The function takes an additional parameter FUN which can be used to pass a function to further transform relations. The main use is to obtain indirect relations based on walk counts.

# count the limit proportion of walks (used for eigenvector centrality)
W <- indirect_relations(g, type = "walks", FUN = walks_limit_prop)
# count the number of walks of arbitrary length between nodes, weighted by
# the inverse factorial of their length (used for subgraph centrality)
S <- indirect_relations(g, type = "walks", FUN = walks_exp)

Additional parameters can also be passed to calculate parameterized versions of relations.

# Calculate dist(s,t)^-alpha
D <- indirect_relations(g, type = "dist_sp", FUN = dist_dpow, alpha = 2)

To view all predefined transformation functions see ?transform_relations. The predefined functions follow the naming scheme <relation>_<transformation>. The functions dist_ are thus only meaningful fordistance type relations such as type="dist_sp" or type="dist_resist". Equivalently, walks_ for type="walks". The predefined functions are not exhaustive and just constitute the most common transformations. It is, however, straightforward to pass your own transformation function.
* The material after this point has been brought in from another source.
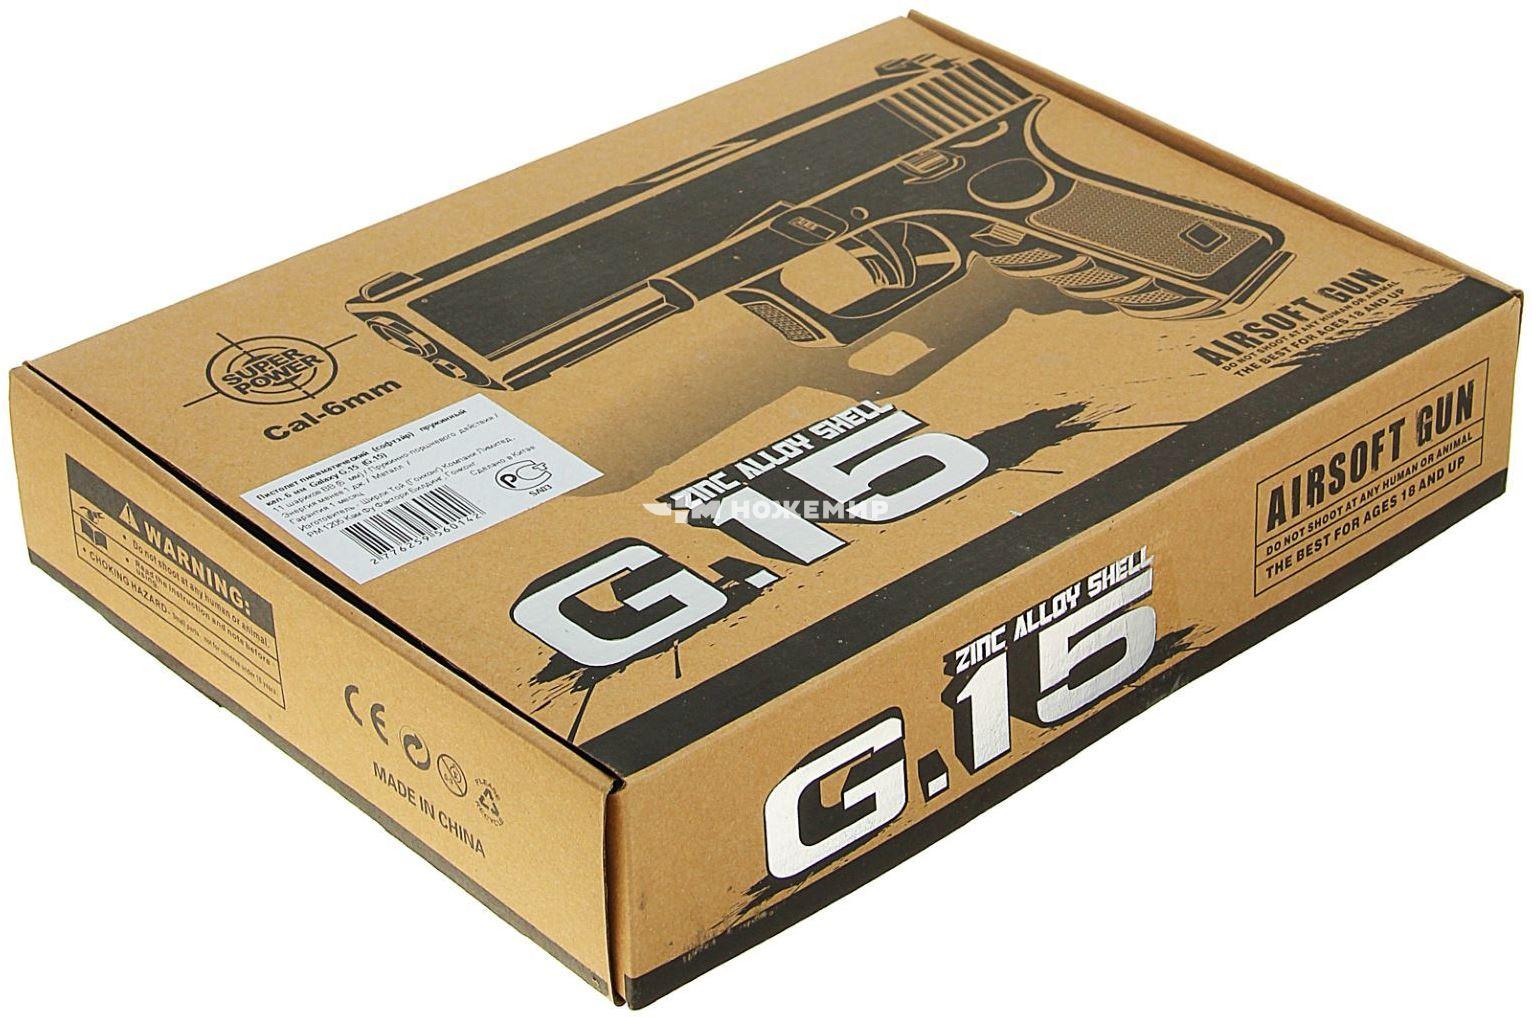 Страйкбольный пистолет пружинный Glock 23 Galaxy G15
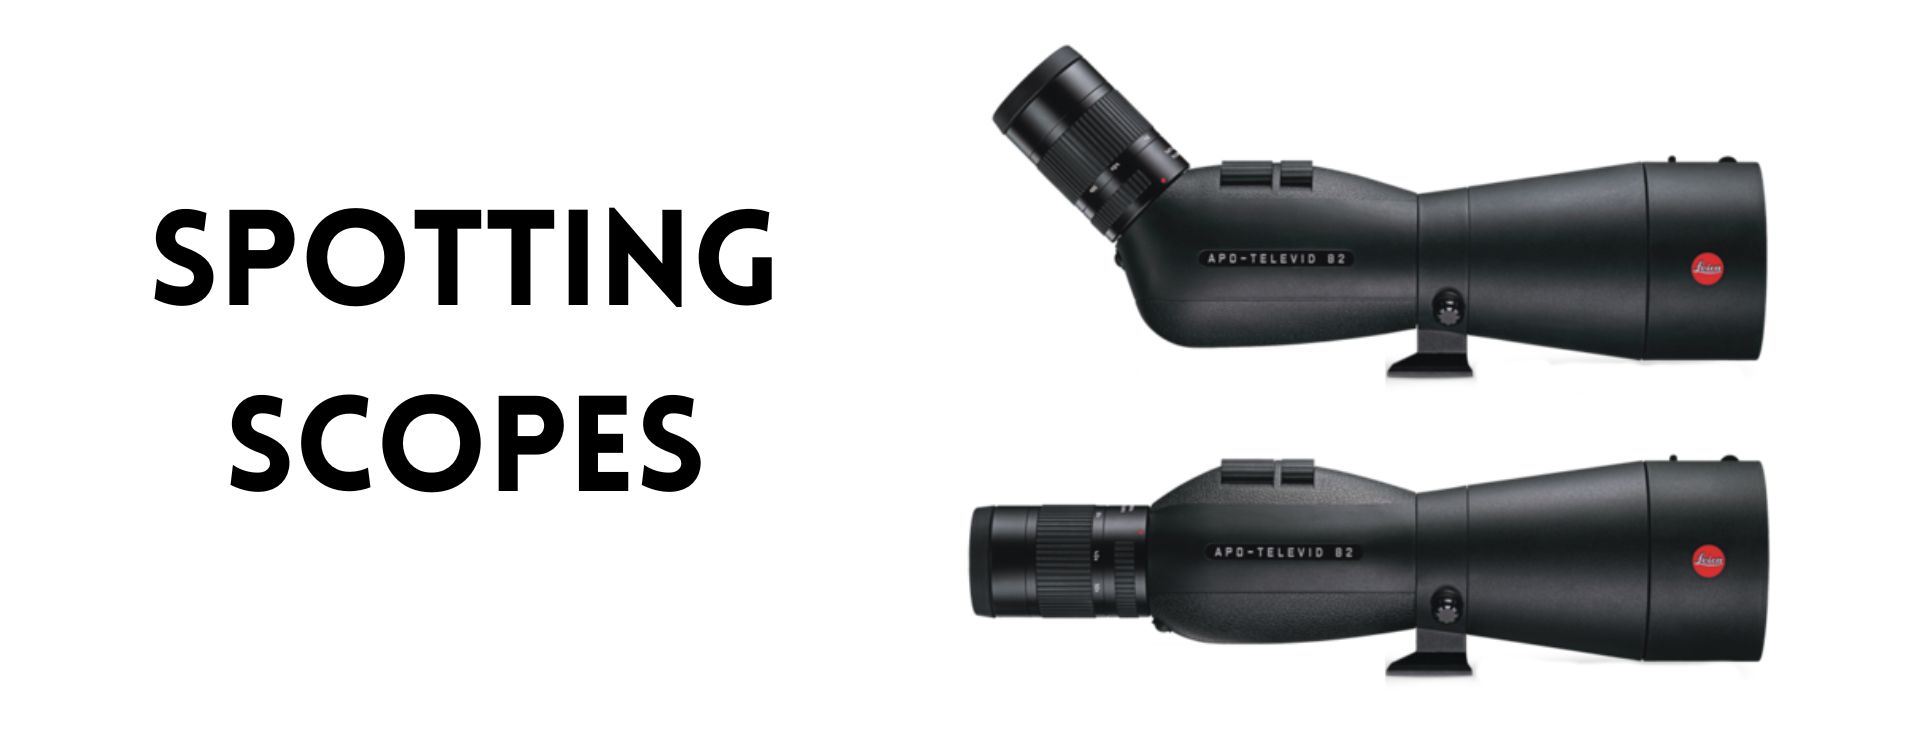 Leica APO Televid Spotting Scopes at Ace Optics UK

dist_integration <- function(x) {
    x <- 1 - (x - 1) / max(x)
}
D <- indirect_relations(g, type = "dist_sp", FUN = dist_integration)

The function dist_integration() computes $$ \tau(x)_{ij}=1-\frac{dist(i,j)-1}{max_{i,j}\; dist(i,j)} $$ which is used in the centrality index integration defined by Valente and Foreman (1998)

The computed relations CAN be used to build centrality indices (e.g.Β with the provided Rstudio index_builder()), but also to derive partial rankings with positional_dominance(). Consult the respective vignette for help.